PDF(Pubmed)
Abstract:
UNASSIGNED: Cholangiocarcinoma (CCA) is an increasingly prevalent malignancy worldwide, with poor outcomes even when diagnosed at an early stage. While recent trials have shown benefit from the addition of immunotherapy to standard-of-care chemotherapy, the improvement in overall survival is modest. Multiple novel therapies for advanced CCA targeting actionable genetic alterations have been approved in recent years; BRCA1/2 mutations are identified in up to 5% of CCA patients and may be an additional target for novel treatment approaches. While BRCA mutations have been shown in clinical trials to predict response to poly(ADP-ribose) polymerase (PARP) inhibitors in several solid tumors including breast, ovarian, prostate, and pancreas, no similar large-scale trials have been published in CCA to date. We report here a durable response to PARP inhibitor monotherapy in BRCA-mutated extrahepatic CCA; to our knowledge, this is the second report of first-line PARP inhibitor monotherapy and the first reported use of the second-generation PARP inhibitor talazoparib in this setting.
UNASSIGNED: We report the case of a 79-year-old man with metastatic extrahepatic CCA harboring a somatic BRCA1 mutation who declined chemotherapy and was instead treated in the first-line metastatic setting with the PARP inhibitor talazoparib; he experienced a complete radiographic response six months into treatment and has remained on talazoparib for over three years without evidence of disease recurrence.
UNASSIGNED: This case adds to a growing list of retrospective studies supporting the clinical activity of PARP inhibitors in BRCA-mutated extrahepatic CCA. However, prospective data are clearly needed prior to adoption of this strategy in clinical practice.
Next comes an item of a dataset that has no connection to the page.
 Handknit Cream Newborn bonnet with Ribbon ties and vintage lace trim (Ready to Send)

Fortunately, multiple trials investigating novel combination therapies utilizing PARP inhibitors in CCA are underway.
UNASSIGNED: We report the case of a 79-year-old man with metastatic extrahepatic CCA harboring a somatic BRCA1 mutation who declined chemotherapy and was instead treated in the first-line metastatic setting with the PARP inhibitor talazoparib; he experienced a complete radiographic response six months into treatment and has remained on talazoparib for over three years without evidence of disease recurrence.
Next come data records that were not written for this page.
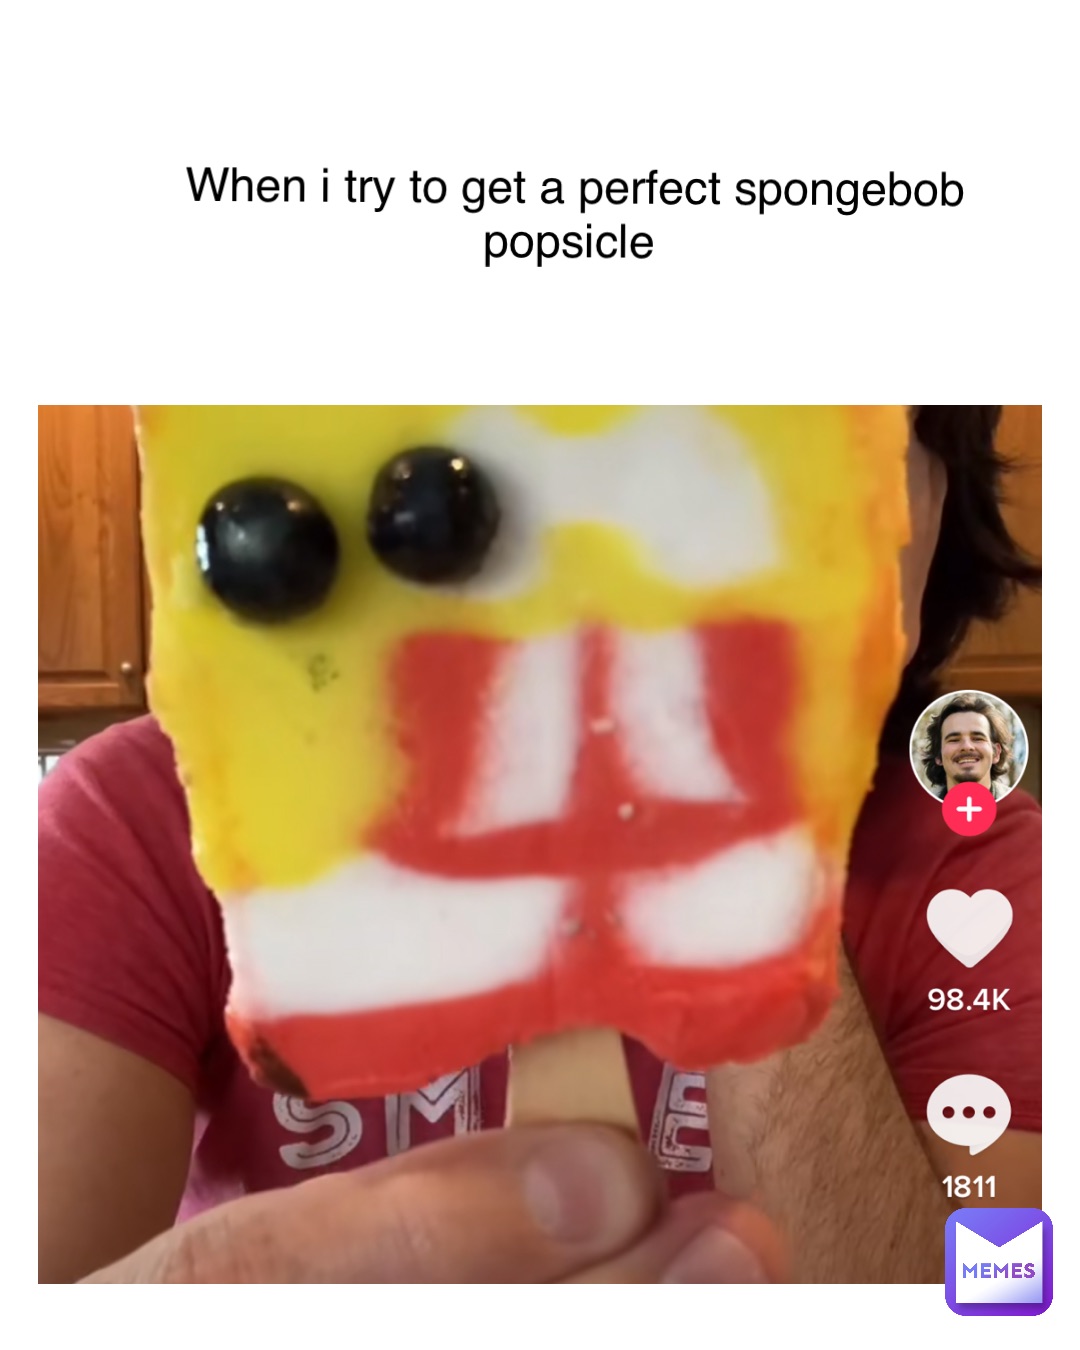 When I try to get a perfect spongebob popsicle
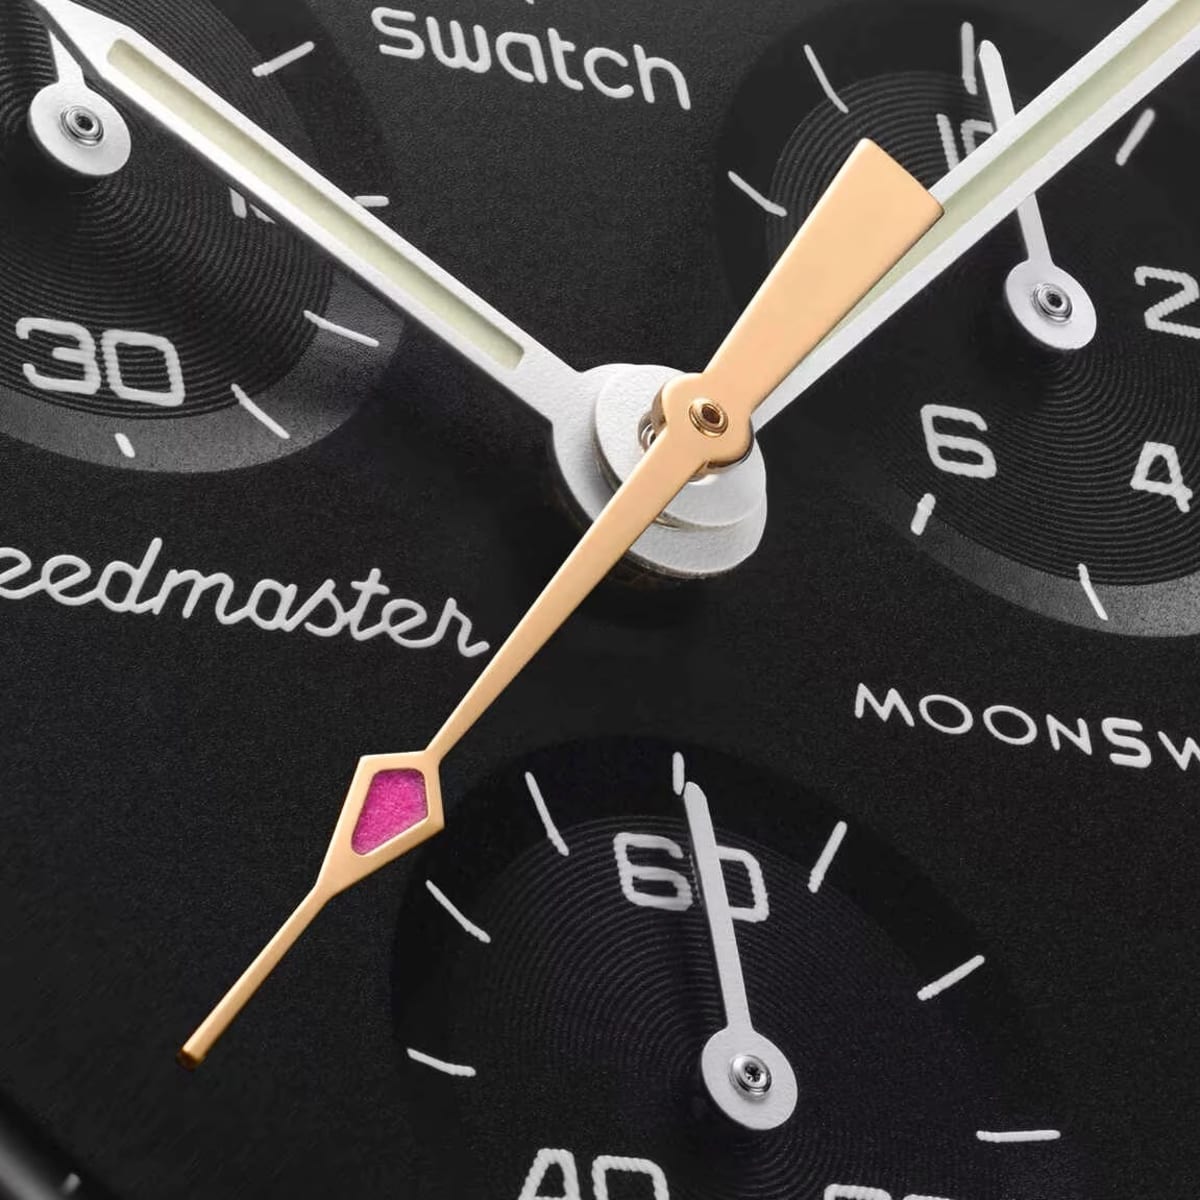 Swatch and Omega release a new variant of the Moonshine Gold ...
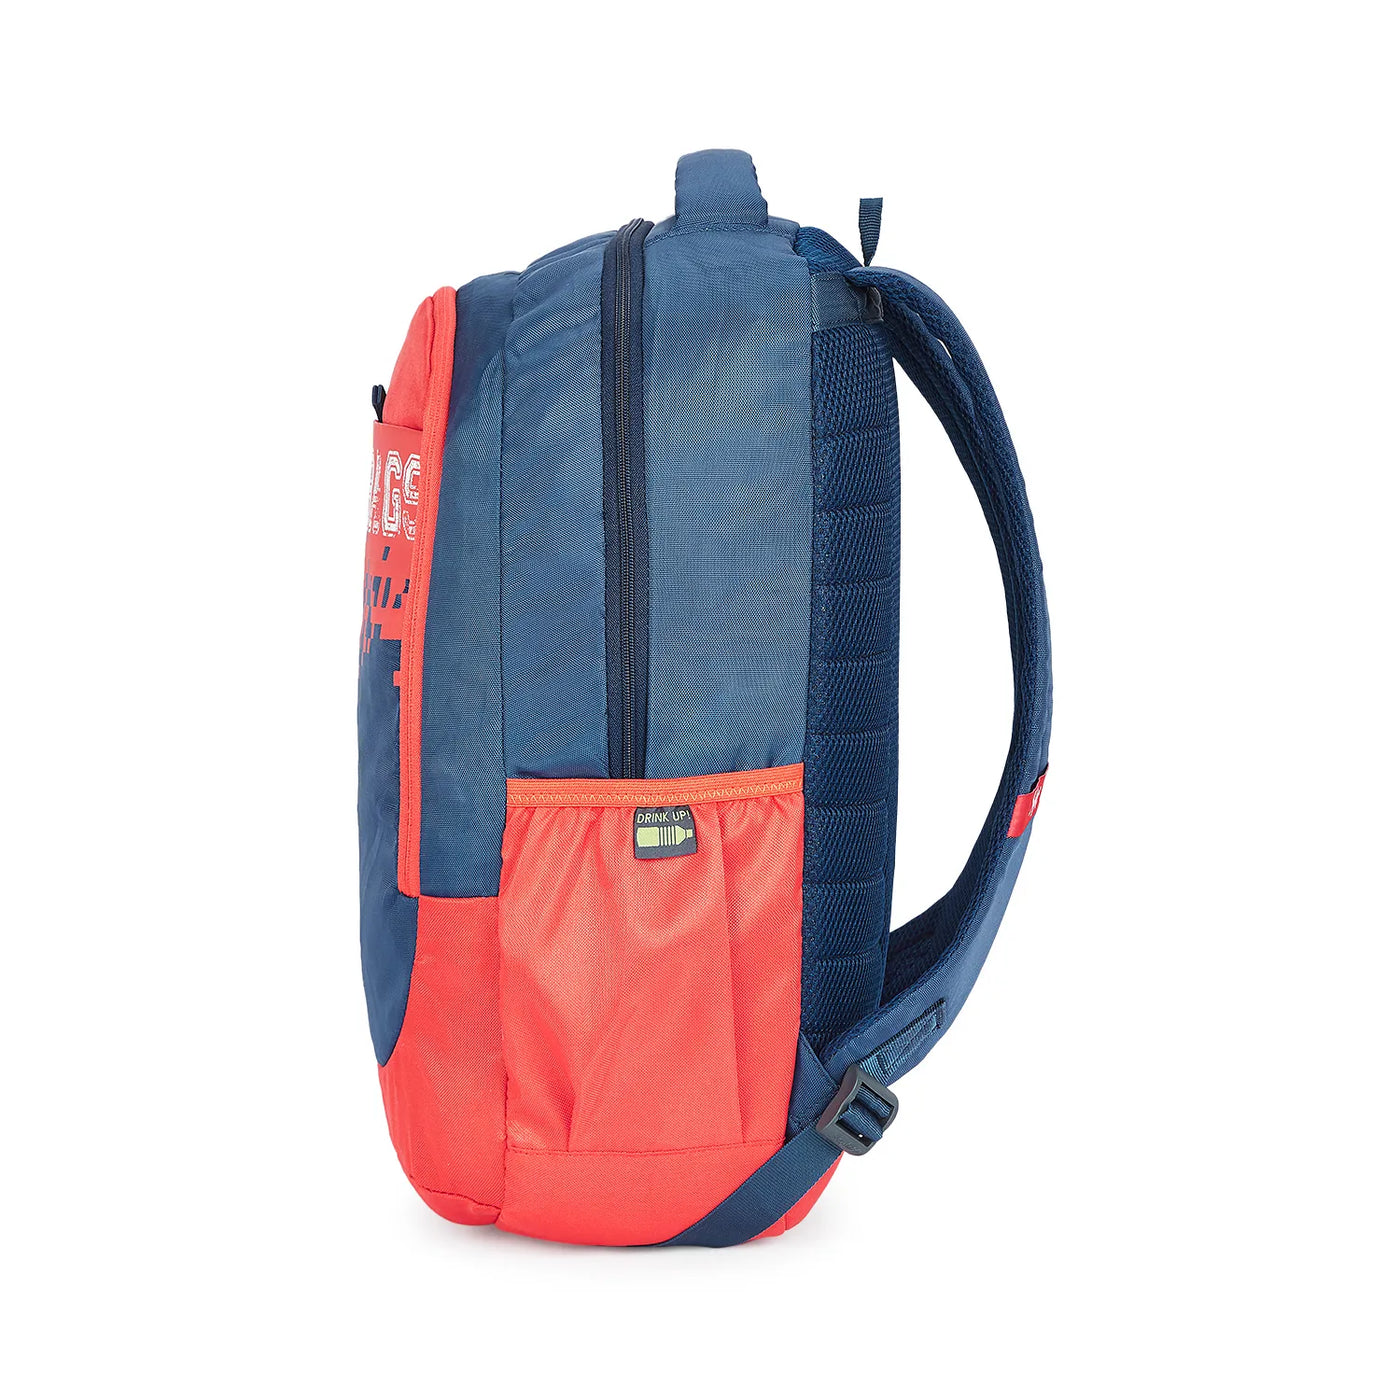 SKYBAGS BFF "2 BACKPACK RED"

UNASSIGNED: This case adds to a growing list of retrospective studies supporting the clinical activity of PARP inhibitors in BRCA-mutated extrahepatic CCA. However, prospective data are clearly needed prior to adoption of this strategy in clinical practice. Fortunately, multiple trials investigating novel combination therapies utilizing PARP inhibitors in CCA are underway.
摘要:
■胆管癌(CCA)是全球范围内越来越普遍的恶性肿瘤,即使在早期诊断,结果也很差。虽然最近的试验表明,在标准治疗化疗中加入免疫治疗是有益的,总体生存率改善不大.近年来,针对晚期CCA靶向可操作的遗传改变的多种新疗法已获得批准;在多达5%的CCA患者中鉴定出BRCA1/2突变,并且可能是新治疗方法的另一个靶标。虽然BRCA突变已在临床试验中显示可预测在包括乳腺在内的几种实体瘤中对聚(ADP-核糖)聚合酶(PARP)抑制剂的反应,卵巢,前列腺,还有胰腺,迄今为止,CCA还没有发表类似的大规模试验.我们在这里报告了在BRCA突变的肝外CCA中对PARP抑制剂单一疗法的持久反应;据我们所知,这是第二份关于一线PARP抑制剂单药治疗的报告,也是首次报道在这种情况下使用第二代PARP抑制剂他唑帕尼.
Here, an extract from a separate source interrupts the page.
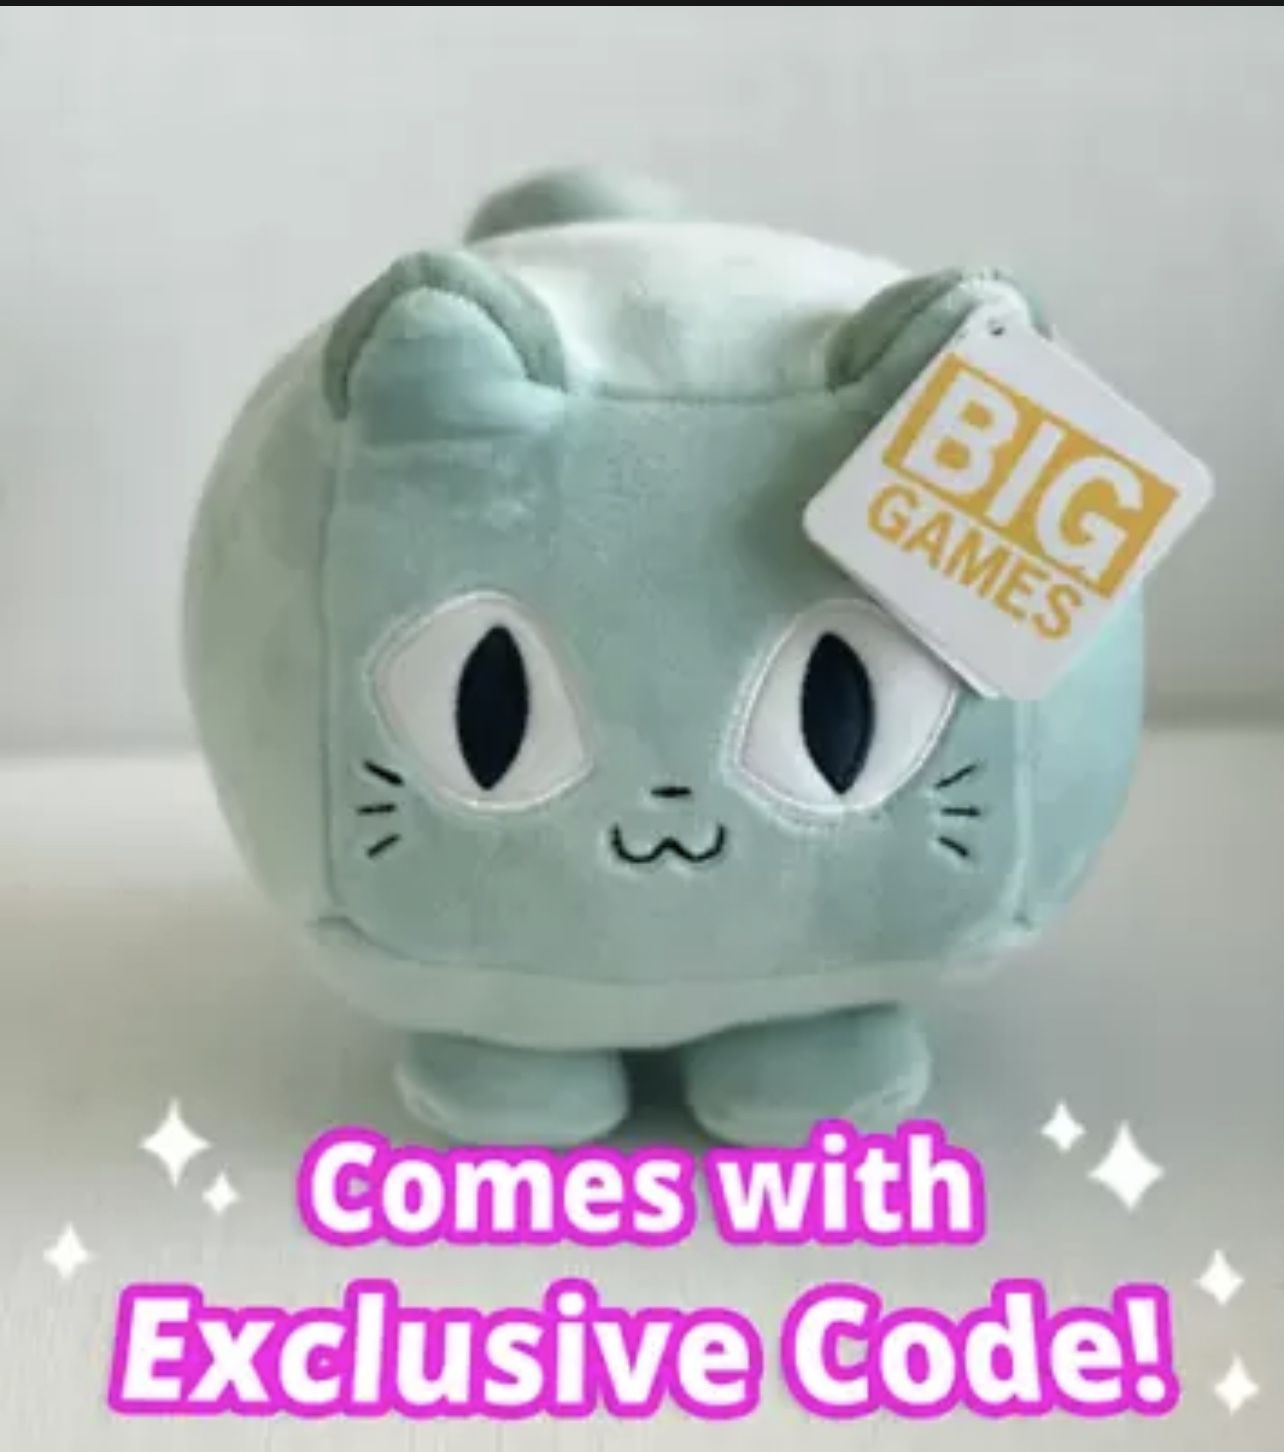 Big Games Pet Simulator X Cat Plush - Includes Redeemable Code - IN HAND

■我们报告了一例79岁的患有转移性肝外CCA的男性患者,该患者具有体细胞BRCA1突变,他拒绝了化疗,而是在一线转移环境中使用PARP抑制剂talazoparib进行了治疗;他在治疗六个月后经历了完全的放射学反应,并且已经使用talazoparib治疗了三年以上,没有疾病复发的证据。
■该病例增加了越来越多的回顾性研究,支持PARP抑制剂在BRCA突变的肝外CCA中的临床活性。然而,在临床实践中采用该策略之前,显然需要前瞻性数据.幸运的是,正在进行多项研究CCA中使用PARP抑制剂的新型联合疗法的试验.
■我们报告了一例79岁的患有转移性肝外CCA的男性患者,该患者具有体细胞BRCA1突变,他拒绝了化疗,而是在一线转移环境中使用PARP抑制剂talazoparib进行了治疗;他在治疗六个月后经历了完全的放射学反应,并且已经使用talazoparib治疗了三年以上,没有疾病复发的证据。
■该病例增加了越来越多的回顾性研究,支持PARP抑制剂在BRCA突变的肝外CCA中的临床活性。然而,在临床实践中采用该策略之前,显然需要前瞻性数据.幸运的是,正在进行多项研究CCA中使用PARP抑制剂的新型联合疗法的试验.